**PROVIDED MATERIAL:**
━━━━━━━━
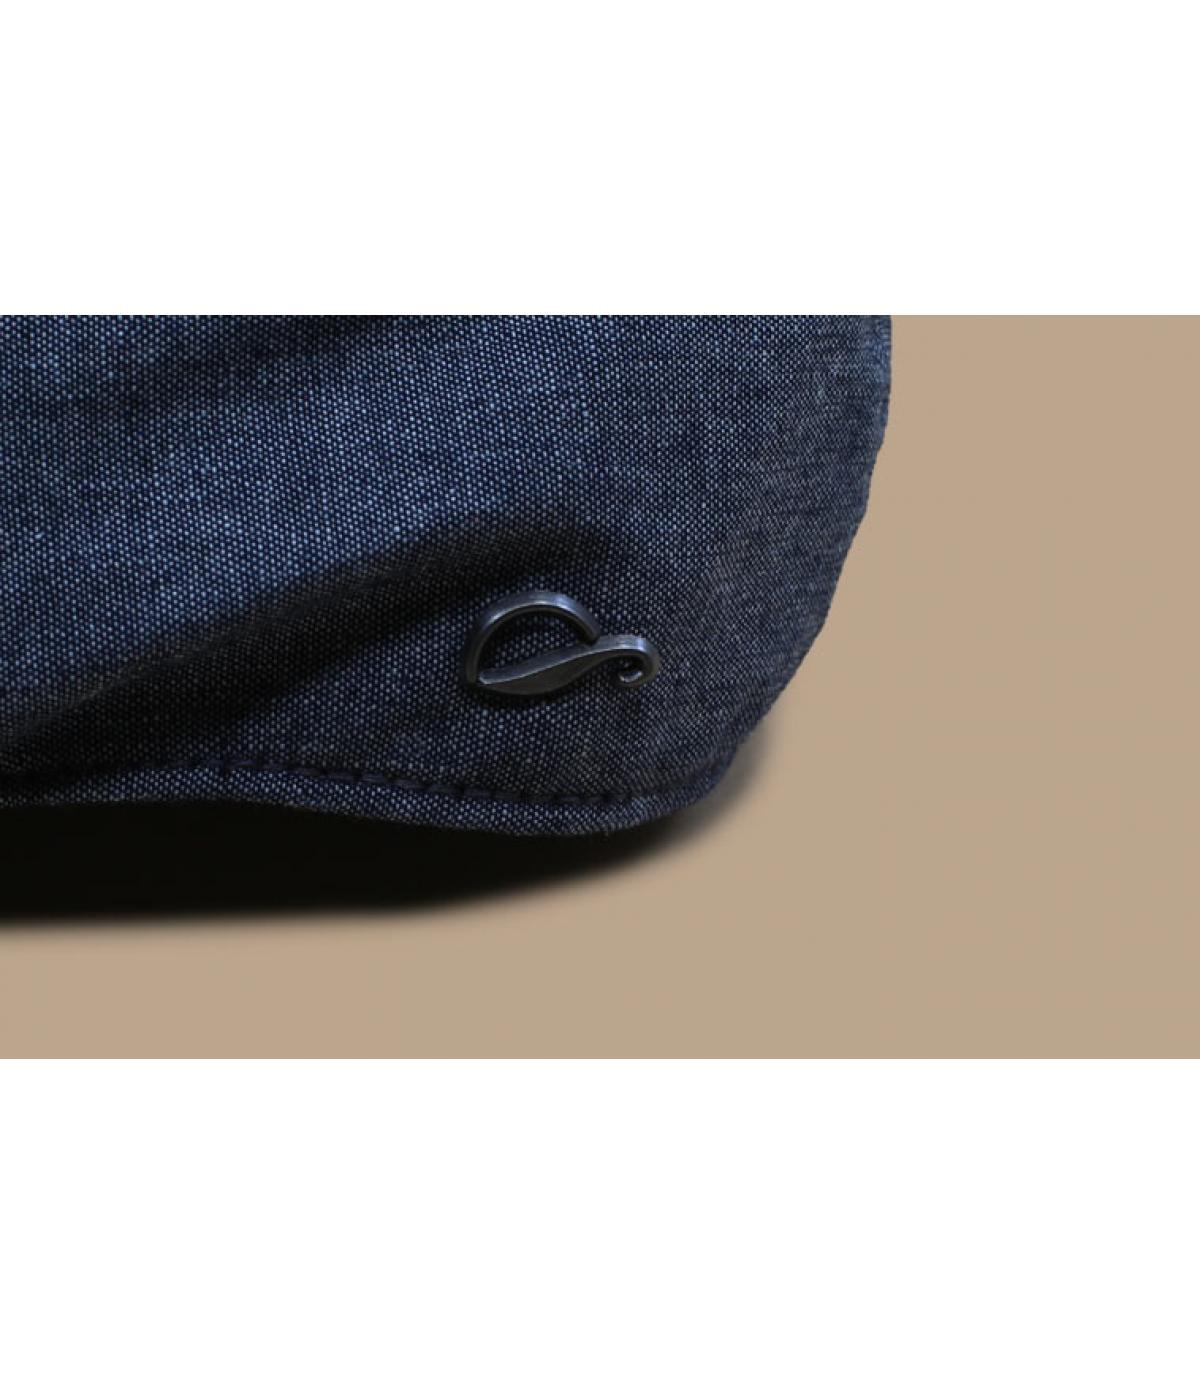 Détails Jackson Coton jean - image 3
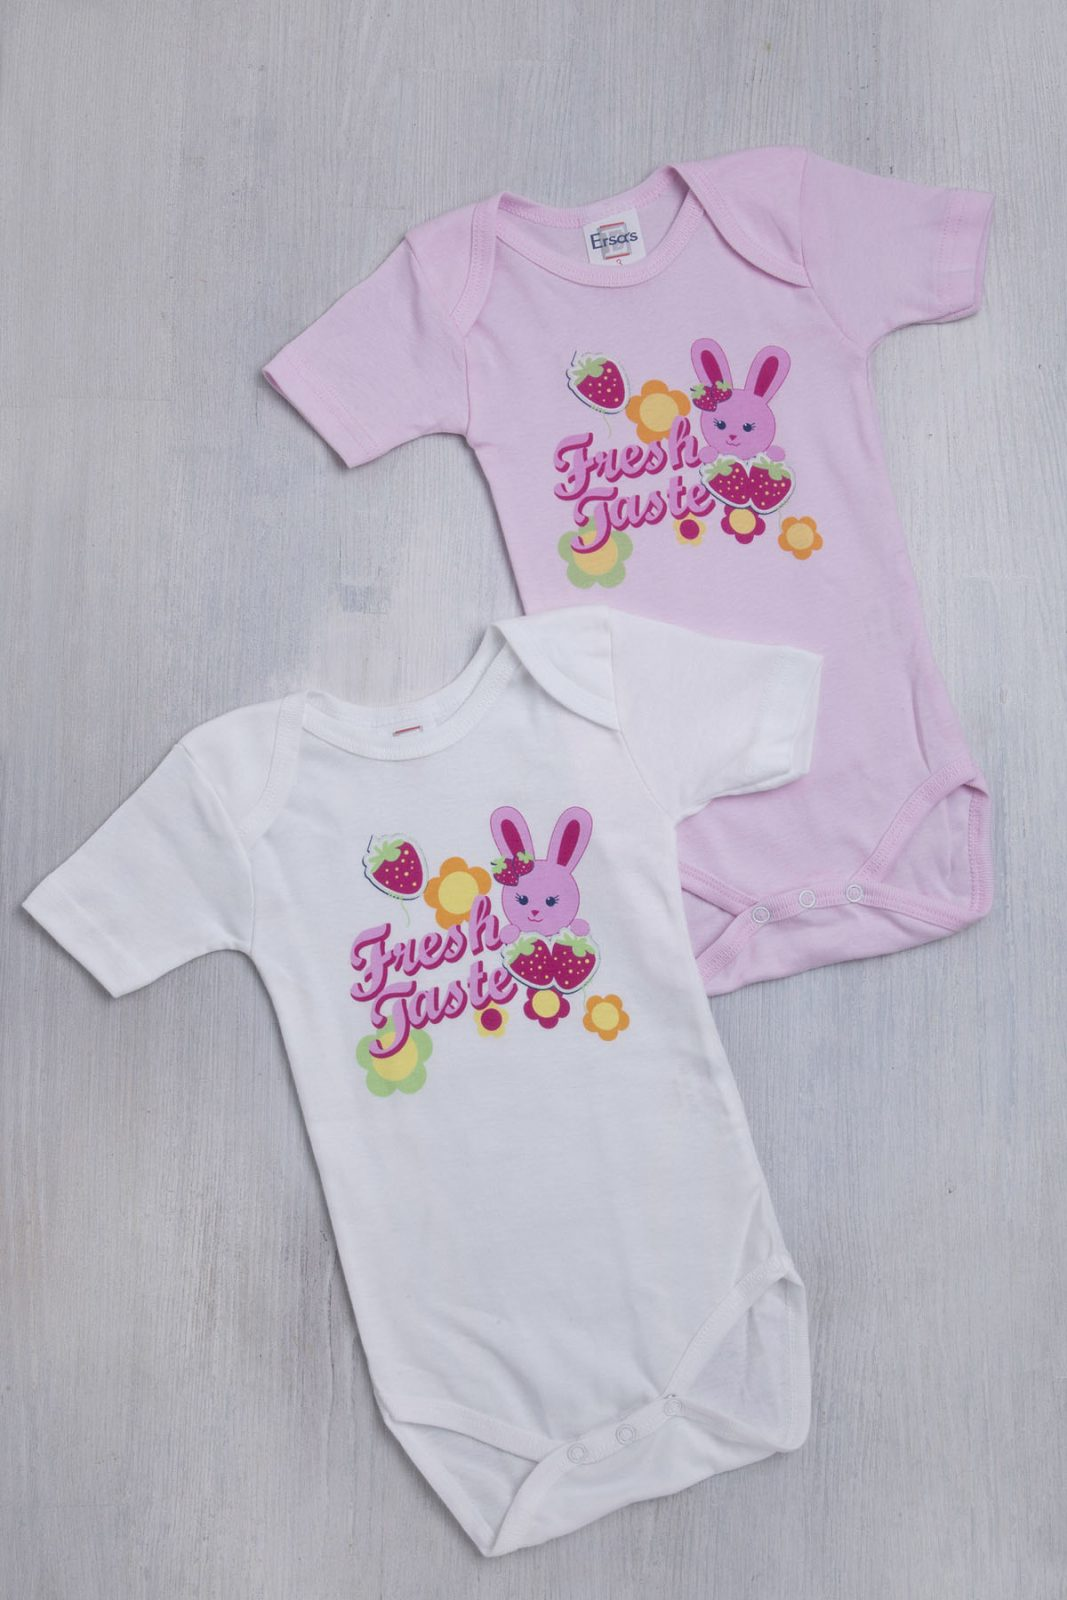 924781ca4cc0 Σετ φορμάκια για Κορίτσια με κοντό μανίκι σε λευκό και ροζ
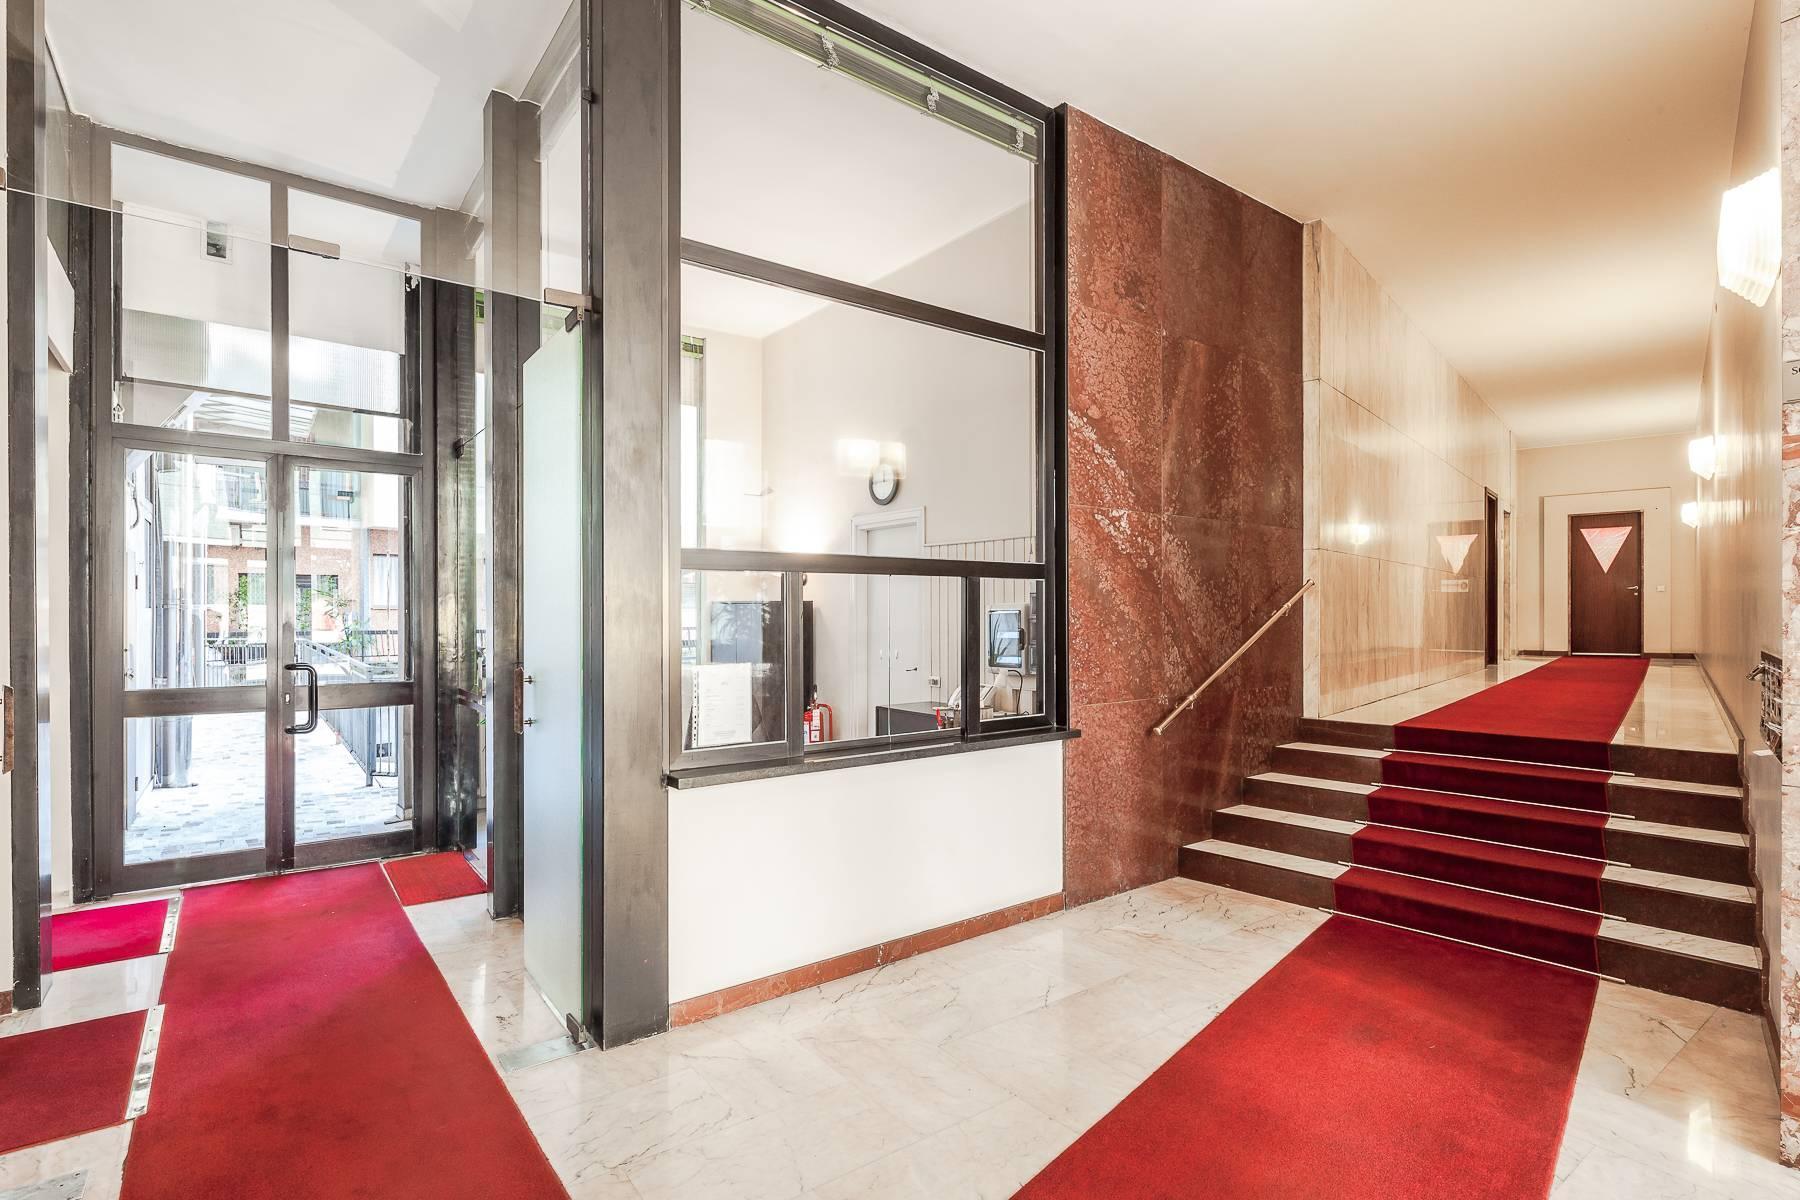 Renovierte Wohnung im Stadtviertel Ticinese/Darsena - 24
━━━━━━━━
The whole listing must be restated word for word. Leave out any pictures.

 Détails Jackson Coton jean - image 3
 924781ca4cc0 Σετ φορμάκια για Κορίτσια με κοντό μανίκι σε λευκό και ροζ
 Renovierte Wohnung im Stadtviertel Ticinese/Darsena - 24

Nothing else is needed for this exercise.